Enver Solomon, chief executive of the Refugee Council, said: “The Government’s gross mismanagement of the asylum system has led to immense human misery, with people left in limbo for years on end in a huge backlog of cases resulting in billions being wasted on hotels and other accommodation.
 
Remember any shortage of housing is the result of decades of government policy.

Firstly, remove social housing almost entirely, then deliberately increase the value of land and therefore housing to bolster GDP. Salaries have also been deliberately kept low for many, which means increases in house prices results in many people being unable to take out a mortgage.
 
You're living in a Dreamworld mate, mixing different cultures/religions together is like trying to mix oil and water. Most people like to live in and around, other people who share their culture, religion and background. We're importing the worlds conflicts, we saw running battles between Indians and Pakistanis in Leicester and Birmingham last year, and a few weeks ago we had a mini civil war outside the embassy in London between Ethiopians and Eritreans.
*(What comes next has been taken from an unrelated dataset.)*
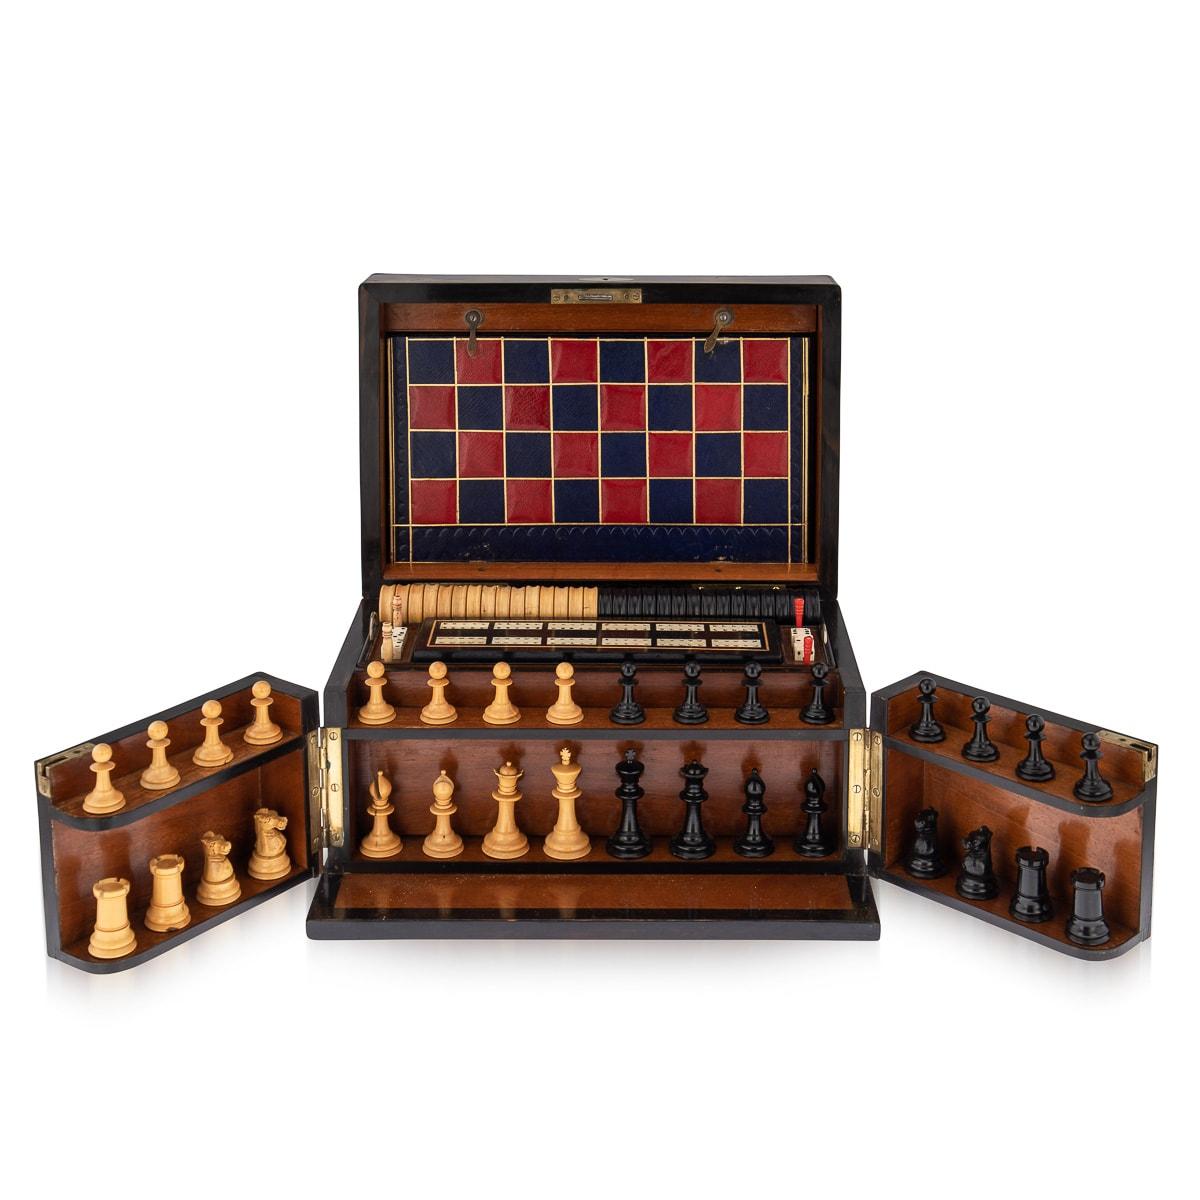 Antique recueil de jeux victorien de la fin du 19e siècle en noyer, l'intérieur comprenant un jeu d'échecs, des dames, des dominos, des dés, une planche de cribbage avec marqueurs, des planches de jeux reliées en cuir, des cartes à jouer, des pions

Every time a foreign conflict starts now, it'll play out on our streets
I lived in one of the most ethnically and culturally diverse areas in the country for years and you're talking bollox mate.
 
You're living in a Dreamworld mate, mixing different cultures/religions together is like trying to mix oil and water. Most people like to live in and around, other people who share their culture, religion and background. We're importing the worlds conflicts, we saw running battles between Indians and Pakistanis in Leicester and Birmingham last year, and a few weeks ago we had a mini civil war outside the embassy in London between Ethiopians and Eritreans. Every time a foreign conflict starts now, it'll play out on our streets
Post and (new) poster removed
 
There isn't any shortage of housing of course. We normally have over 200k empty (for more than 6 months) properties available at any given time. And thats just in England.

Any problem with any foreign money coming into the UK isn't at the bottom end of the financial strata, its at the top.

Sadly I don't think a change of governing party will change it as no government will want to be in power when what should be done to correct it could actually happen.
 
There isn't any shortage of housing of course. We normally have over 200k empty (for more than 6 months) properties available at any given time. And thats just in England.

Any problem with any foreign money coming into the UK isn't at the bottom end of the financial strata, its at the top.

Sadly I don't think a change of governing party will change it as no government will want to be in power when what should be done to correct it could actually happen.
And that is another issue. Also add property bought as a second home in places like Cornwall, or Whitby.
 
I do love the narratives of invasion though.

I can't believe all of the people from those countries we invaded and told them we and our lands are superior now want to come here.

Why are these people coming here and promoting their religion when we gave them Christianity? You know, the white bloke from the middle east.